Continuing from [Identifying Optimal Wavelength](2023-03-14_identifying_optimal_wavelength.ipynb), I will use the methods developed there to aggregate the results for all 2.5% avantor runs thus far. Although presumably, this method should work for all methods.

## Set up Environment

In [None]:
%load_ext autoreload
%autoreload 2

import sys

import os

import pandas as pd

import numpy as np

from scipy.signal import find_peaks

pd.options.plotting.backend = 'plotly'

import plotly.graph_objs as go

from plotly.subplots import make_subplots

from sklearn.preprocessing import MinMaxScaler

from pybaselines import Baseline

# adds root dir 'wine_analyis_hplc_uv' to path.

sys.path.insert(0, os.path.abspath(os.path.join(os.getcwd(), '../')))

from agilette import agilette_core as ag

lib = ag.Agilette('/Users/jonathan/0_jono_data').library

In [None]:
lib_df = lib.data_table()
lib_df.head()

As in the leading in notebook, I will use the latest De Bertoli Cab Merlot sample `2023-03-07_DEBERTOLI_CS_001.D`.
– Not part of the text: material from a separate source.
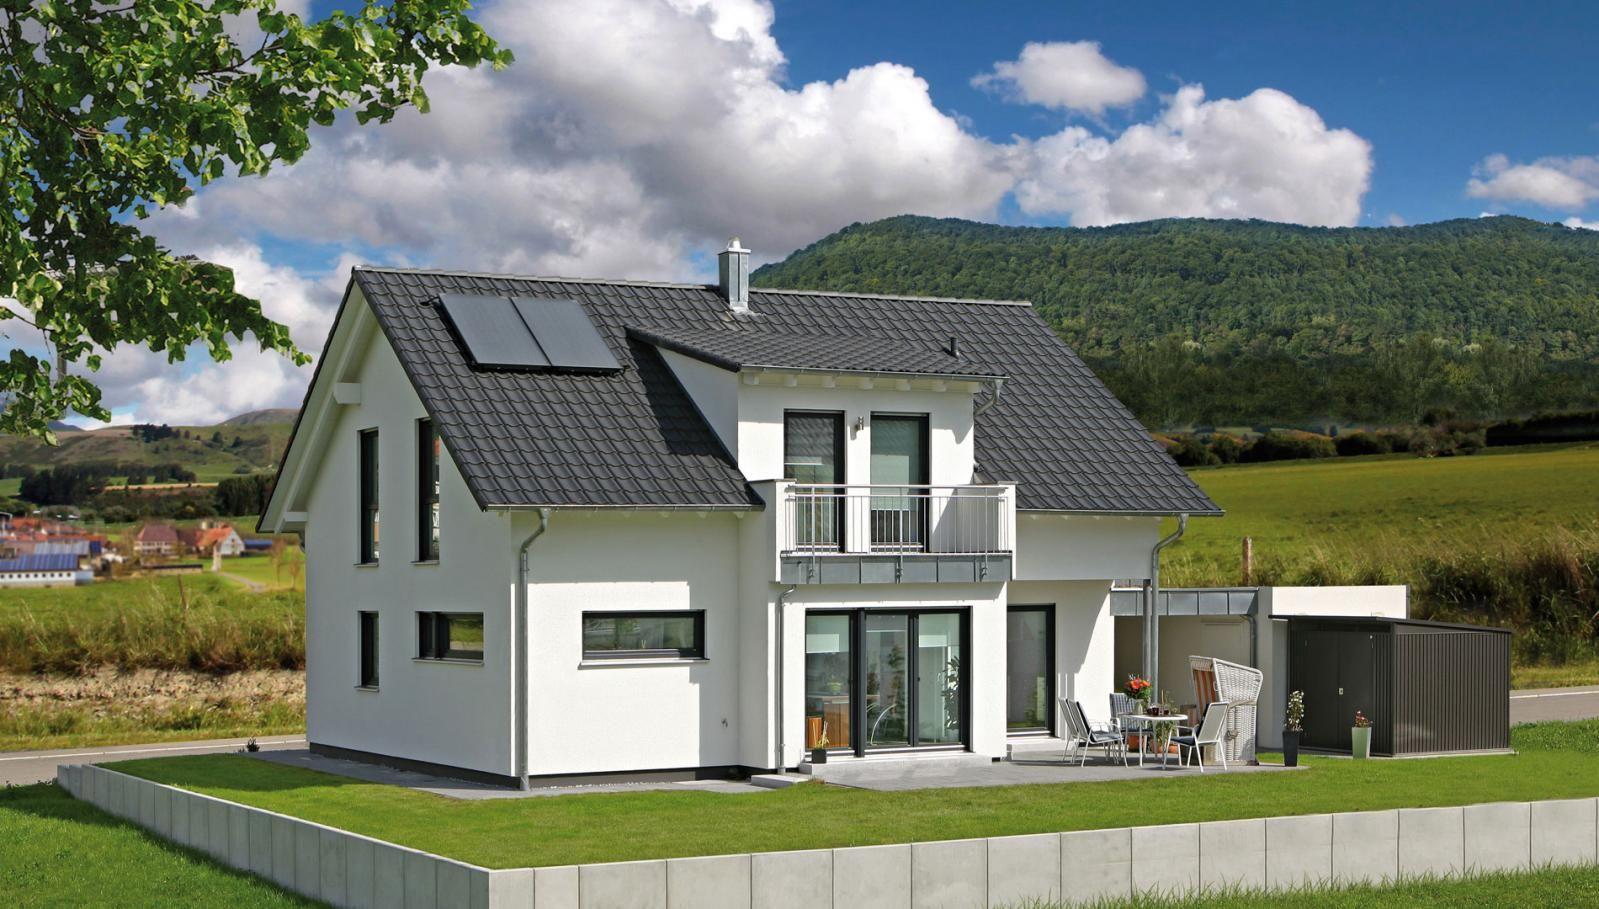 新农村二层现代别墅设计图 途墅之家新式, 小阳台 独立车库, 屋顶可

## Planning the Experiment

The way to do this is to stay within a DataFrame environment.

1. Form a a DF of:
run name | uv_data object.
2. for each run: scale, baseline adjust, calculate average baseline gradient and peak heights, get the ratio. 
3. Plot the maxima of the above values for each run. Probably drop after 380nm. 

## Filtering Runs

In [None]:
runs = lib_df[(lib_df['method'].str.contains("2_1*")) & ~(lib_df['sample_name'].str.contains("uracil*")) & ~(lib_df['uv_files'].apply(len)==0)]

runs.head()

## Prepare the Data

### Assemble the runs_uv_data DF.

In [None]:
all_data = lib.all_data()

def uv_data_extractor(column):
    data_dir = all_data[column]
    uv_data = data_dir.load_spectrum().uv_data

    return uv_data

uv_data_series = runs['run_name'].apply(uv_data_extractor)

In [None]:
runs_uv = runs

runs_uv['uv_data'] = uv_data_series

runs_uv = runs_uv.drop(['uv_files', 'sequence', 'ch_files', 'sample_name', 'desc'], axis = 1)

In [None]:
runs_uv.head()

### Scale

In [None]:
runs_uv['uv_data'].iloc[0].columns

In [None]:
runs_uv['uv_data'].iloc[0]

In [None]:
# manually iterating over each row in the top level df then each column in the uv_data df and applying fit_transform()

# scaler = MinMaxScaler()

# for idx, row in runs_uv.iterrows():
#     for column in row['uv_data']:
#         scaled_column = scaler.fit_transform(row['uv_data'][column])

In [None]:
runs_uv.loc[3,'uv_data']

In [None]:
scaler = MinMaxScaler()

# How do I access an individual dataframe.

uv_df_1 = runs_uv.loc[3,'uv_data']

# test applying minmaxscaler to a single dataframe.

scaled_uv = scaler.fit_transform(uv_df_1)
scaled_uv_df = pd.DataFrame(scaled_uv, columns = uv_df_1.columns, index = uv_df_1.index)
scaled_uv_df

In [None]:
# Try it again

counter = 0

def df_scaler(column):
    scaled_column = scaler.fit_transform(column)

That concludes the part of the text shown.